WHEN THE SHIP COMES HOME

A Reversal of Fortune

IN the 1984 Observer Europe I Singlehanded Trans-Atlantic yacht race (OSTAR), the trimaran of Frenchman Phillippe Poupon was first to cross the line. As he approached the finishing line in Newport, Rhode Island, he was welcomed by a fanfare of boats’ horns and sirens; red flares and rockets flashed in the evening sky, welcoming the boat that everyone thought was the winner. Phillippe Poupon shared their belief. He leapt on to the port wing of his trimaran and raised both arms in the air in triumph.

On the following morning another yacht, the 53-foot trimaran of Yvon Fauconnier—Umupro Jardin V emerged unannounced and unheralded from the mist. Yet it was this yacht that was to be declared winner of the race. In the middle of the Atlantic, the catamaran of Yvon Fauconnier’s countryman Phillippe Jeantot Credit Agricole II had capsized.

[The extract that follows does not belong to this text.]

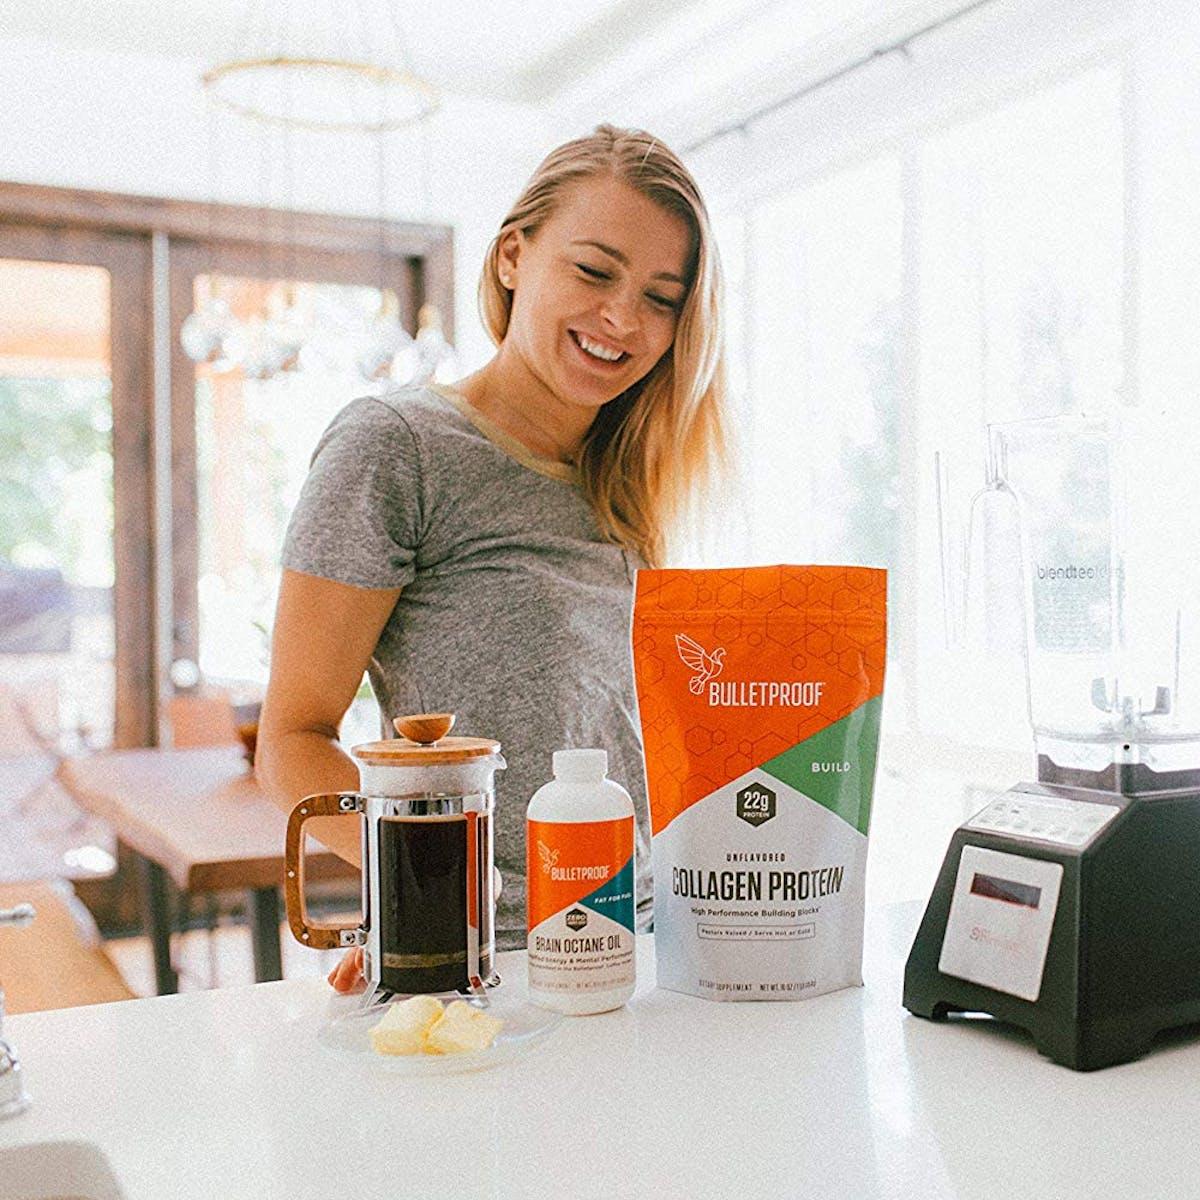 5 Nootropic Coffee Brands We're Into

Fauconnier immediately went to his rescue. The operation to recover Credit Agricole II took a whole day and Yvon Fauconnier remained on the scene until it had been completed. The race committee heard about the part that Fauconnier had played in Jeantot’s rescue, and awarded him a 16-hour compensation. When this was removed from his overall time, Fauconnier was declared the winner of the 1984 OSTAR.


One who stopped for a while on his way through life to give another a helping hand; who, far from the spotlights of fame and acclaim, committed an act of sincere goodwill towards a fellow human being will be shown mercy on the Day of Judgement.

The elation of Phillippe Poupon, the apparent winner of the race, turned to anguish. “People will not understand why I am not the winner. I am the first boat. I used to like this race because it was so simple: the winner was the winner. But for me, this race is finished.” Later at a press conference Poupon put his face behind his hands and wept.

It will be much the same when man’s ship crosses the finishing line of time, and when the results of his endeavours in life are announced. There will be one who crosses the finishing line amidst a fanfare of worldly acclaim. He will be the one who made a great show of his piety, who always appeared at the forefront of religious rites and ceremonies. He will appear to be the winner of the race, but there will be another who arrives unheralded and unacclaimed who will emerge triumphant.

He is the one who stopped for a while on his way through life to give another a helping hand; who devoted a few hours of his precious time to saving a precious soul; who, far from the spotlights of fame and acclaim, out in the midst of the lonely ocean of life, committed an act of sincere goodwill towards a fellow human being. He will be shown mercy on the Day of Judgement because of the mercy that he showed to others in the world.

On that day it is the last who will indeed be first, and the first who will be last.